The most common uses sort of a Trojan horse method. To replicate, H.I.V. uses an enzyme called reverse transcriptase to turn its genetic material, which is made of RNA, into DNA. So some AIDS drugs consists of DNA building blocks that are slightly defective. The reverse transcriptase is fooled into incorporating these mimics into the replicating DNA chain. But once that happens, the chain can no longer grow.

Another class of AIDS drugs work by binding to the reverse transcriptase enzyme at a different place, inhibiting its function. A third class of drugs blocks an enzyme called protease, also necessary for viral replication. The newest class of drugs tries to prevent the virus from getting into human cells in the first place. The first such drug, Fuzeon, developed by Trimeris and Roche, was approved in March.

Drugs for other viruses employ similar tactics. There are several drugs available to treat viruses belonging to the herpes family, which cause ailments like cold sores, genital herpes, chickenpox, shingles and encephalitis, a possibly fatal inflammation of the brain. Many of these drugs, like acyclovir, inhibit an enzyme called polymerase, which builds DNA much as reverse transcriptase does. The two drugs approved for hepatitis B, lamivudine and adefovir, work similarly.

Other approaches are also being tried. One is to boost the body's immune system to help fend off the virus. Alpha interferon, used to treat hepatitis C, works partly this way. Another is to silence specific genes needed by the virus using techniques known as antisense or the newer RNA interference.

Both of these approaches provide possible ways to treat many different viruses, with the gene silencing technique requiring only changing the genetic sequence programmed to be silenced. Drugs that inhibit viral enzymes generally work for only one type of virus, although there are some exceptions.

One exception is cidofovir, approved to treat cytomegalovirus, a member of the herpes family. It has also been shown to be effective against pox viruses as well and is therefore a candidate to be used to treat smallpox infections.

Government scientists are also screening existing antiviral drugs as well as other drugs to see if any work against the SARS virus. Rimantidine, an older flu drug, as well as beta interferon, an immune system protein, have shown some effectiveness but in amounts that would be too large to give to people, said Dr. Fauci.

Even if large companies sit back, many university scientists and small companies are trying to develop or find drugs that can inhibit the polymerase or protease enzymes used by the SARS virus. Dr.
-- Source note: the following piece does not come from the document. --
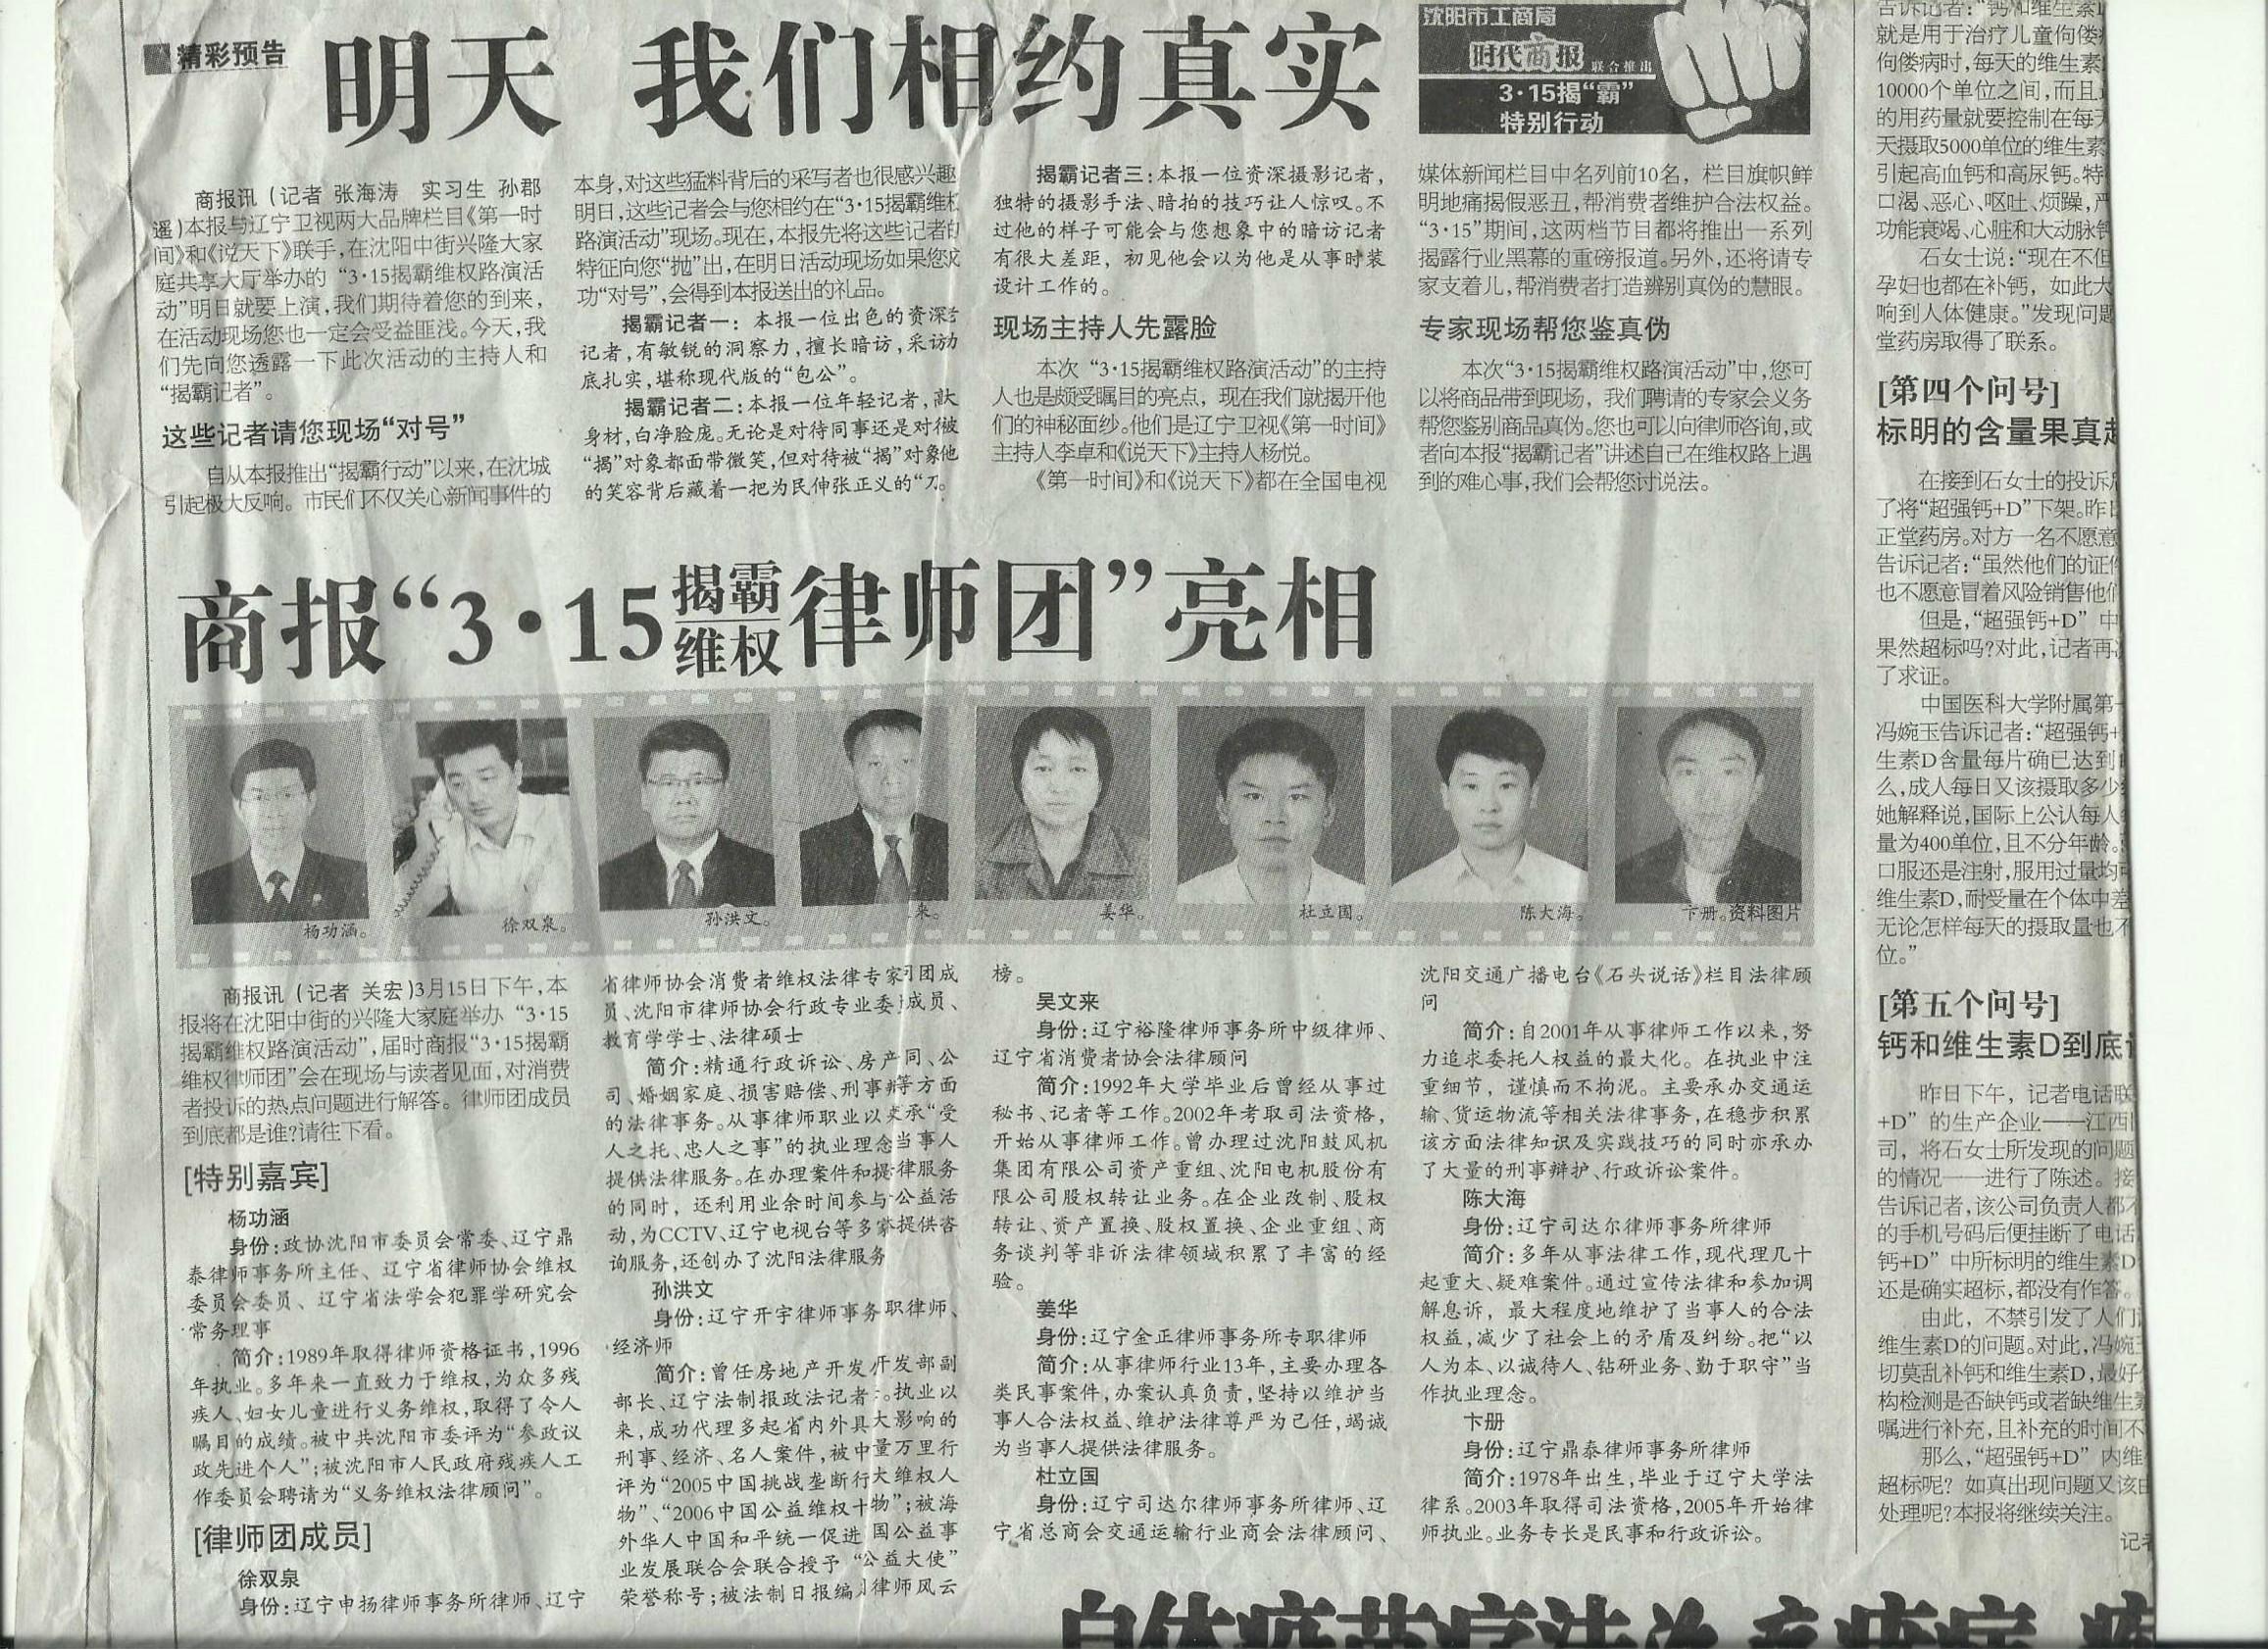 3.15十大揭霸维权律师团成员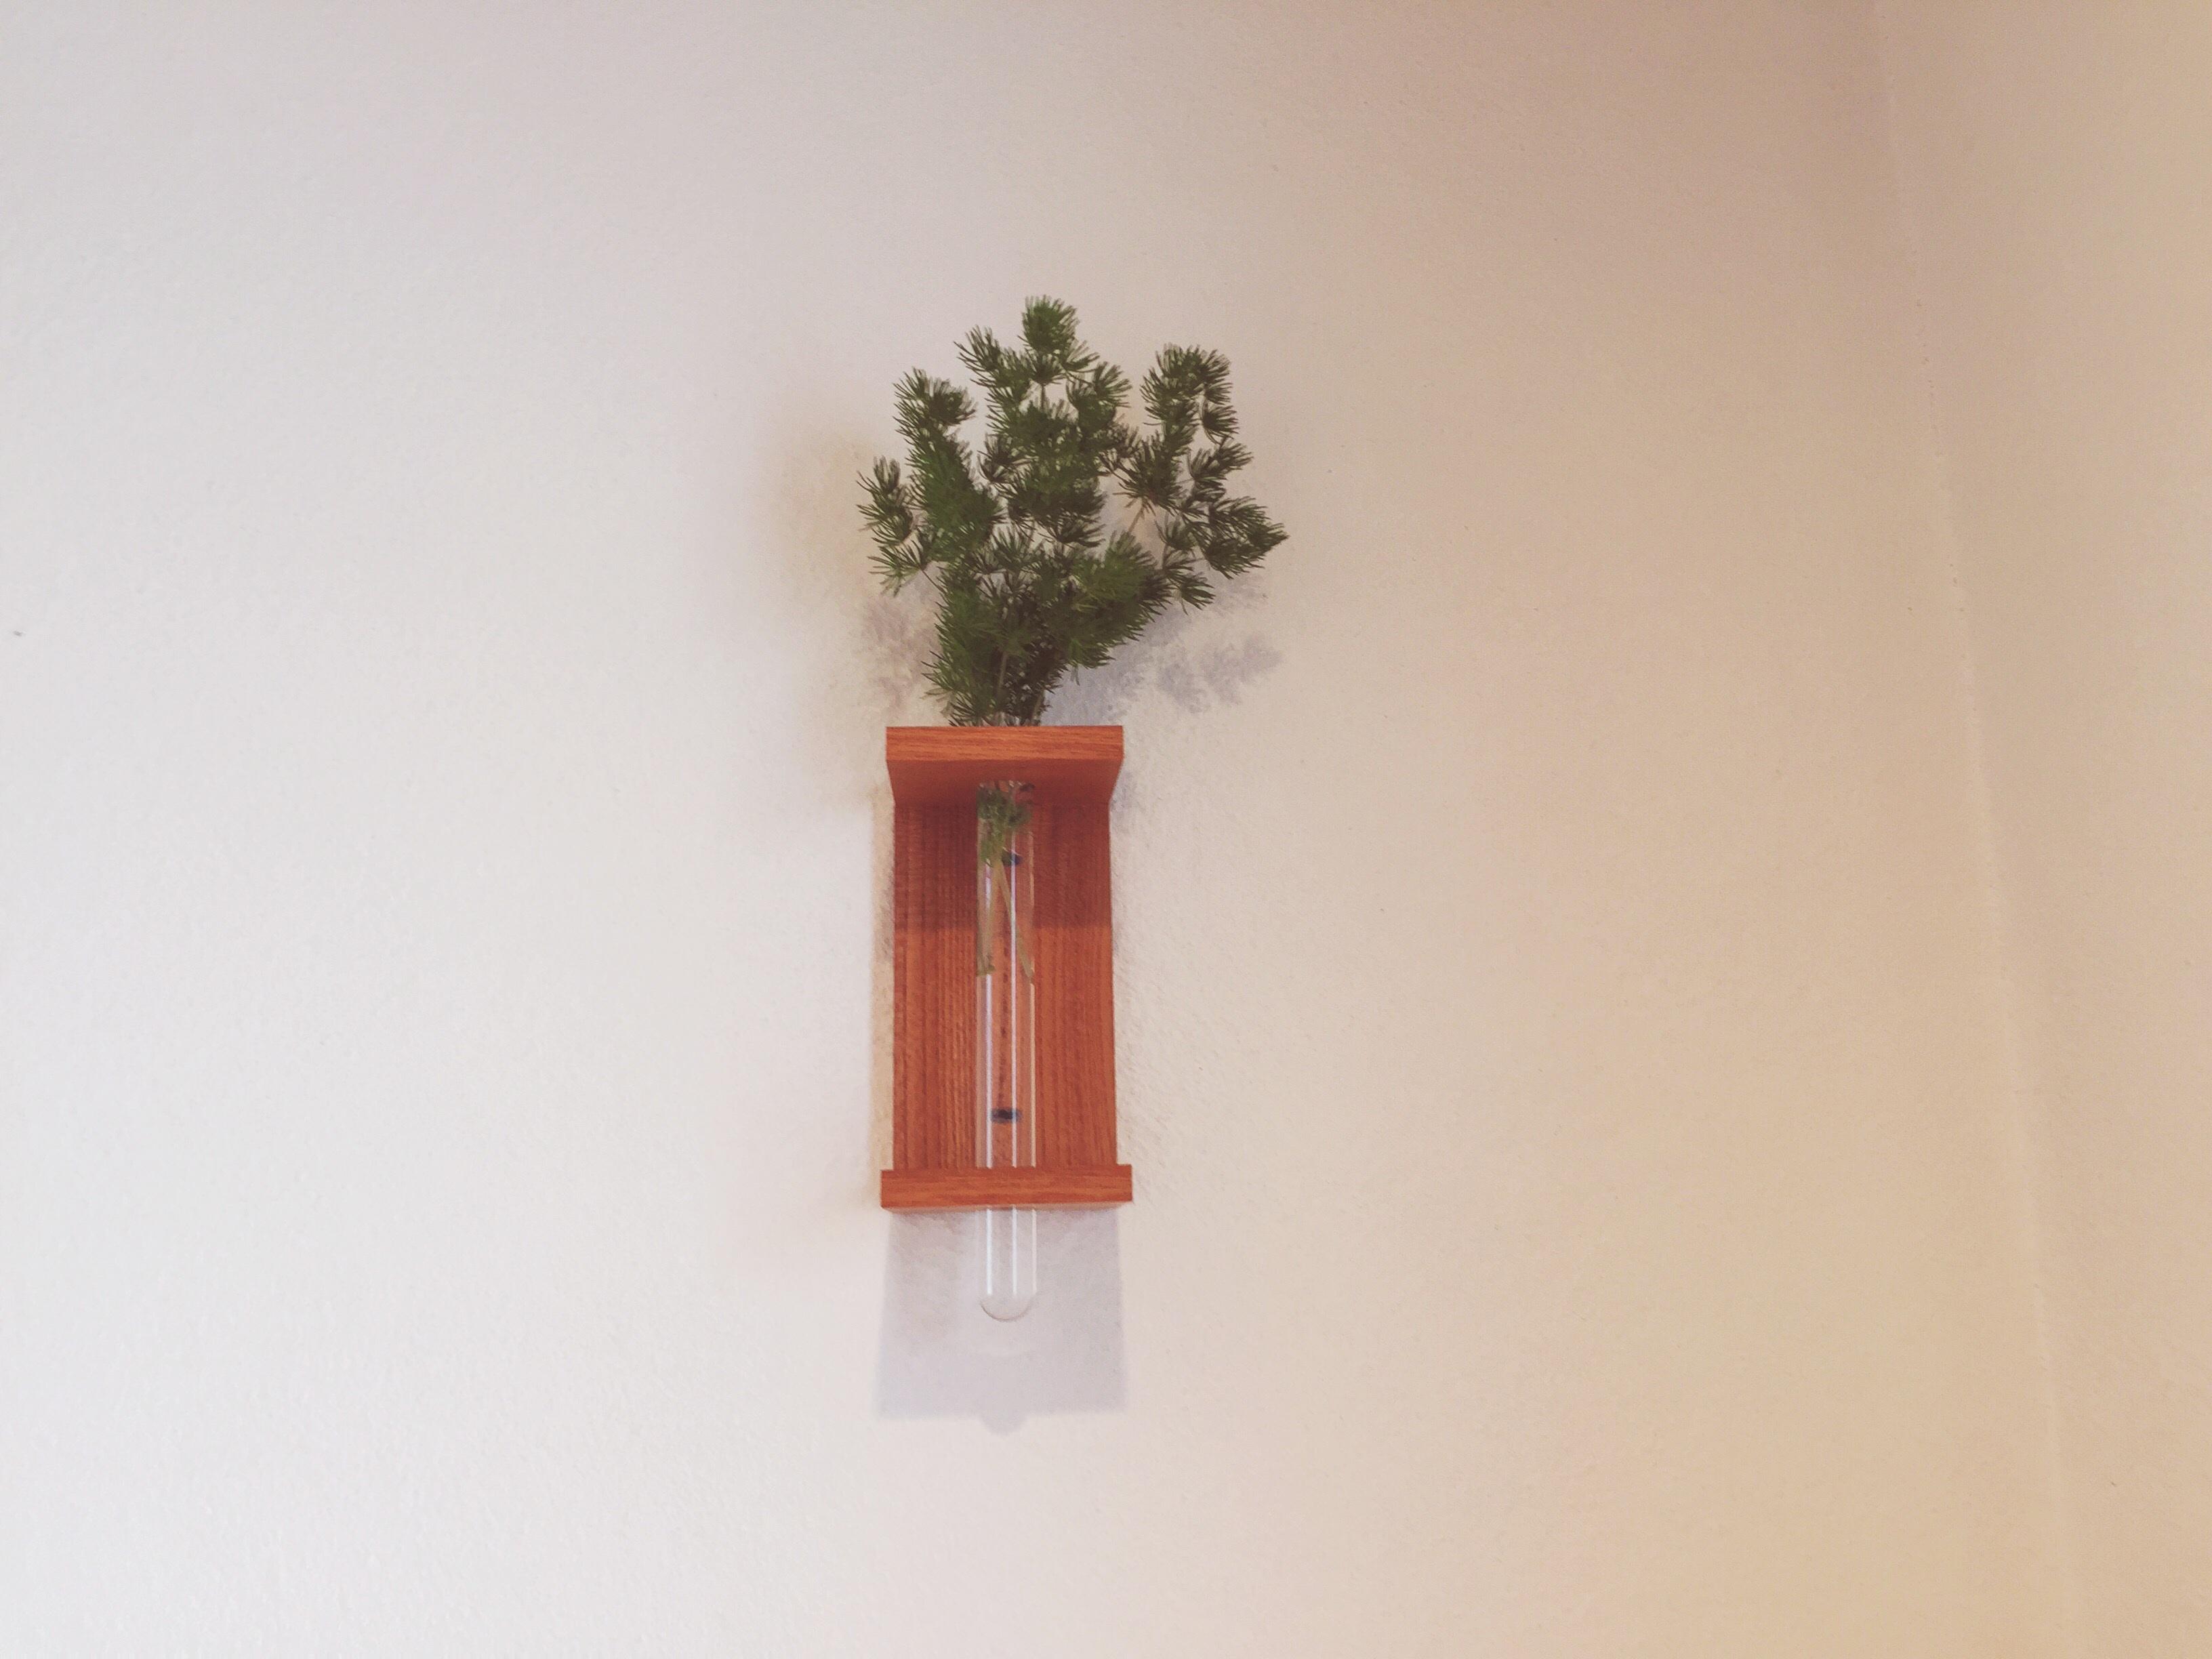 ペレット ストーブ 湘南 ワイズ 土壁 木摺 土壁 漆喰 自然素材 無垢

David Ho, a well-known AIDS researcher in New York, and collaborators in Hong Kong have already announced development of a compound that in the test tube can block SARS from entering into human cells, much as Fuzeon does for H.I.V.

Doctors say there is still need for better drugs for hepatitis B and C and H.I.V. because existing drugs do not always work and can have severe side effects. More drugs are also needed for other viruses, including respiratory syncitial virus, which kills about 11,000 Americans a year, and human papillomavirus, which causes cervical cancer.

As for the common cold, although there are many remedies for symptoms like coughs or runny nose, no drugs directly attack the virus.

Colds are caused by a variety of viruses, making it hard for a single drug to work on all of them. Moreover since a drug would be used by millions of people for a nonserious disease, a cold remedy would have to be extremely safe for its benefits to outweigh its risks. Safety concerns led to rejection last year of an antiviral drug developed by ViroPharma that could shorten a cold's length from seven days to six.

"Until we get a cure for the common cold, the field will always be thought to have not achieved success," said Dr. Frederick G. Hayden, a respiratory virus specialist at the University of Virginia. But focusing on the common cold, he and others said, belies the strides made in antiviral drug development and the far more serious challenges ahead.